Seriously: How often does something like this happen and government officials are just straight-up like, "Eh, I dunno?"
Dubbed the "Ghost Boat" by officials, the decayed carcass of a second world war Higgins boat, used to transport troops into battle and on to beaches overseas, began to emerge from the shallows in Lake Shasta last fall. Levels have sunk low enough this year to excavate the craft fully.
But how it ended up in California's largest reservoir, buried in the depths for decades, is uncertain.
"The circumstance of its sinking remains a mystery," US Forest Service officials with Shasta-Trinity national forest wrote in a Sunday morning Facebook post, including photos of the historic find perched atop dried cracked earth of the desiccated lakebed.
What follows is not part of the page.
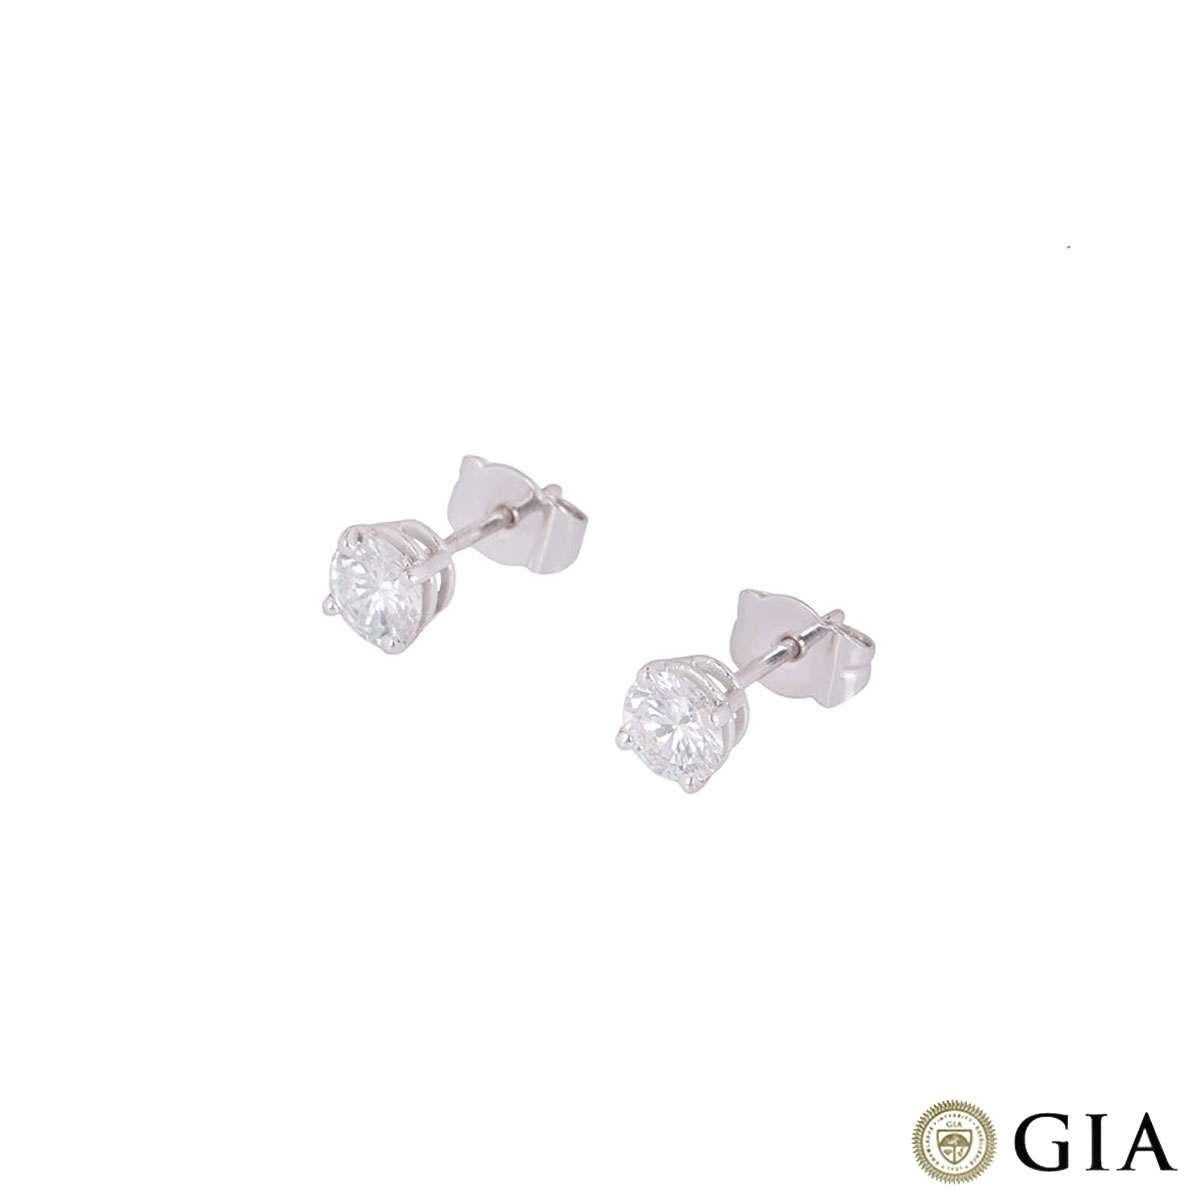 A beautiful pair of 18k white gold diamond stud earrings. The earrings comprise of a single round brilliant cut diamond in a four claw setting, one weighing 0.50ct, G colour and VVS1 in clarity and the other 0.51ct, G colour and VS1 clarity. The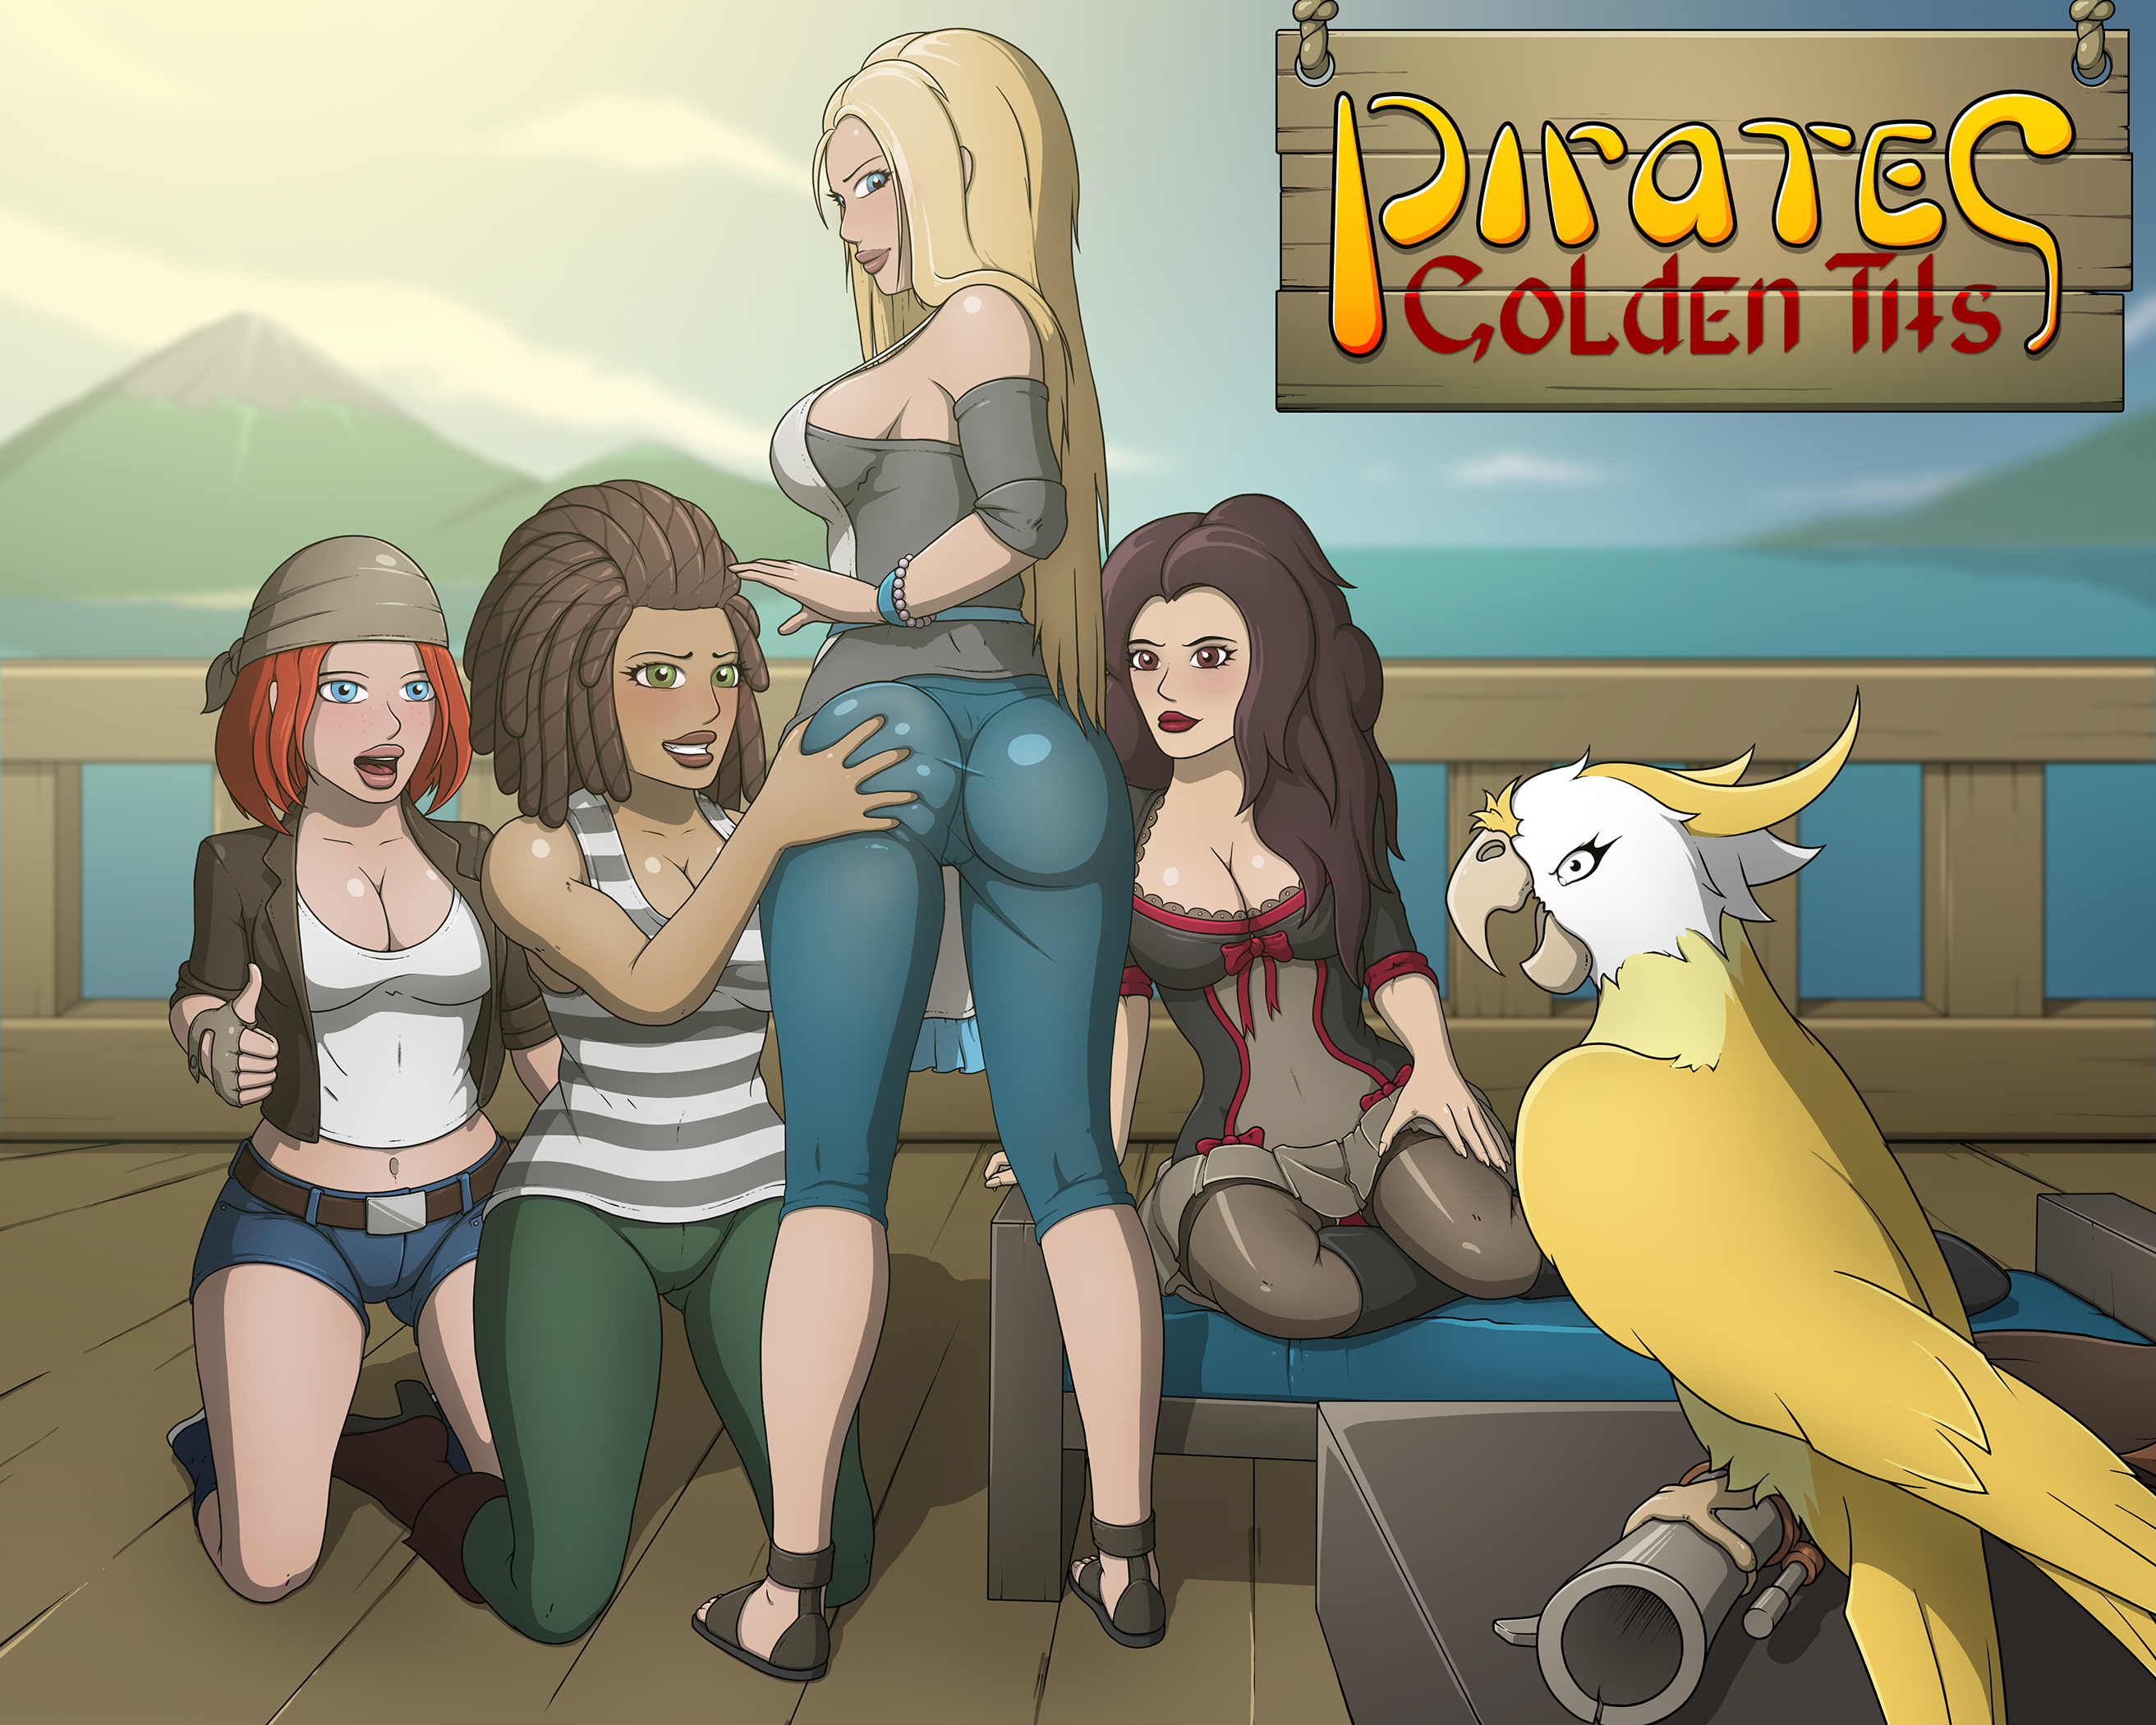 Top 4 Adult Games! - Pirates : Golden Tits (0.23) FIX [NSFW] 18+ by Hot  Bunny

Numbers painted along the boat's ramp show that it was once assigned to the Attack Transport USS Monrovia, used as General George Patton's headquarters in the Sicilian occupation in 1943.
Seriously...how does a troop transport boat end up 100 miles inland on a random lake, sink to the bottom of that lake, and then essentially vanish from history?
I mean how does an official government boat just, like, vanish like that?
Ahh, so it did eventually end up in private hands:
"Eisenhower also was on this ship at that time, and it went on to a further six D-Day invasions in the Pacific," officials said in the post, noting that it was reportedly used in the invasion of Tarawa and that it "sank in shallow water during that invasion", but was later salvaged. Classified as an attack transport in 1943, the ship earned seven battle stars during the war, according to NavSource, a volunteer-run history site, but was sold for scrap in 1969.